First, we generate the x,y, and z vectors using the following code:

pkg load image

pkg load communications

clear x y z

x = -3 : .012 : 3;

y = -3 : .012 : 3;

z = x .+ y .+ 1;

figure, scatter3(x,y,z)

view(70,15)

The x and y vectors contain the domain values of the function we’d like to approximate, and the z vector contains the corresponding range values of the function. In this case, we’re approximating the function z = x + y + 1, but you could of course choose any function you’d like, whether or not it has a closed form expression, so long as the data is represented as three separate column vectors.

Once we’ve generated the data for the function we’d like to approximate, we can instruct the algorithm to process the data, generating a set of data trees that it will ultimately use to approximate the function.

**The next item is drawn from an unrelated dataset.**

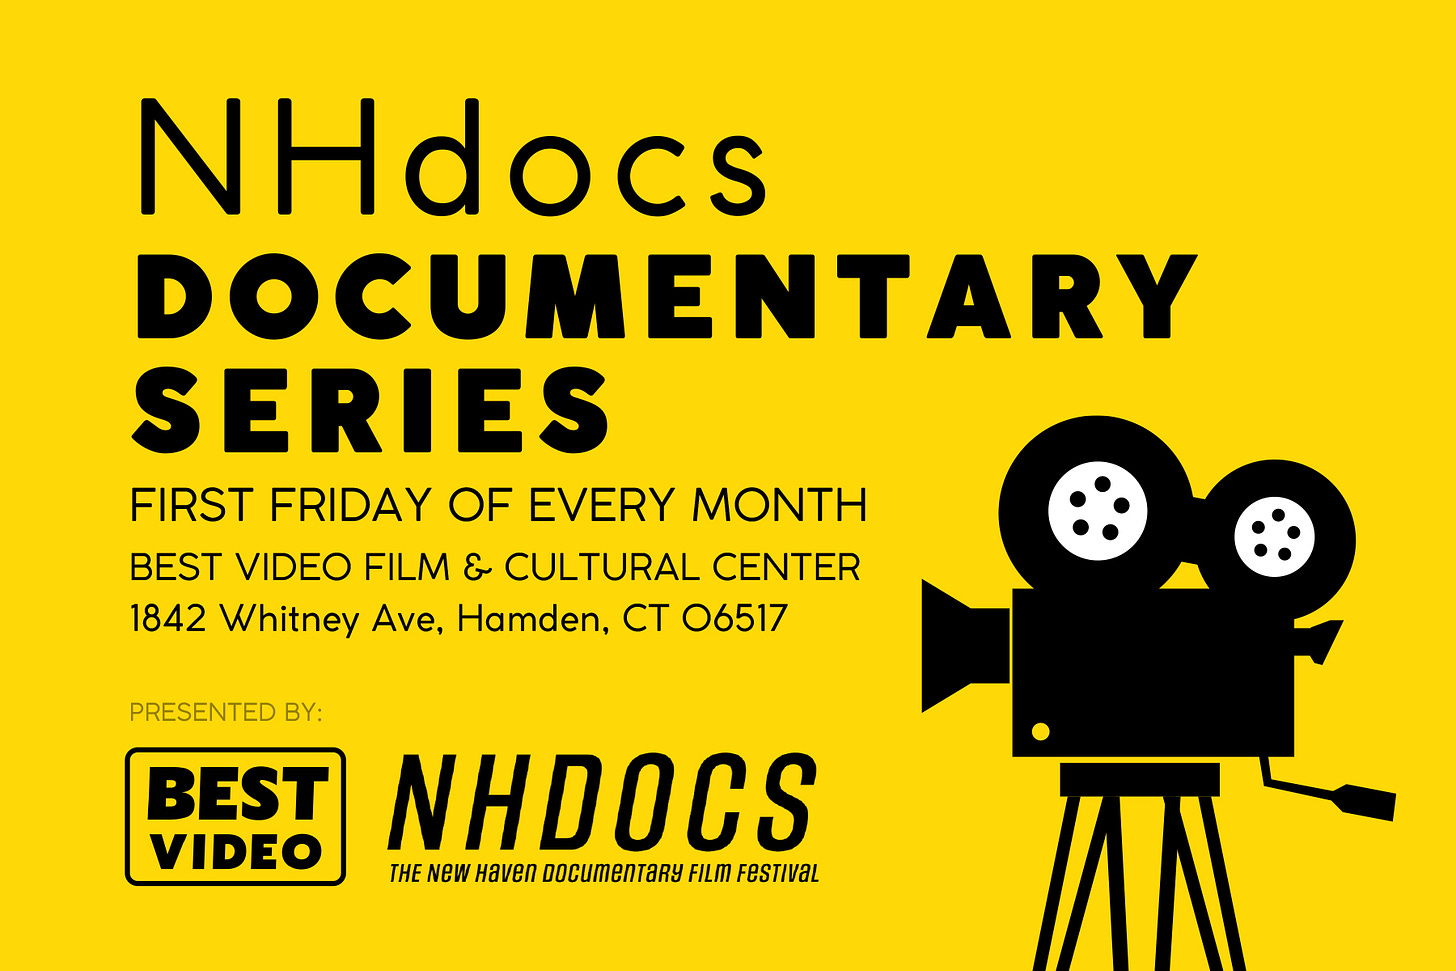 May be a cartoon of text that says 'NHdocs DOCUMENTARY SERIES FIRST FRIDAY OF EVERY MONTH BEST VIDEO FILM & CULTURAL CENTER 1842 Whitney Ave, Hamden, CT 06517 PRESENTED BY: BEST VIDEO NHDOCS THE NEW Haven DOCUMENTARY FILM FESTiVAL'

This step is done using the following code:

data_array = shape_to_data(x,y,z);

[category_tree delta_tree anchor_tree] = generate_data_tree(data_array);

This is by far the most time-consuming part of the algorithm, but it is nonetheless polynomial in time as a function of the number of data points. Moreover, it’s something we’ll only need to do once, since this is the part of the algorithm that actually constructs our approximating function.

At a very high level, what the algorithm does is construct a data tree that can be used to approximate the underlying function at certain key locations within the domain of the function that are selected by the algorithm using assumptions rooted in information theory. New points in the domain that are subsequently fed to the algorithm are then quickly mapped into the data tree, resulting in very fast and very accurate function approximations.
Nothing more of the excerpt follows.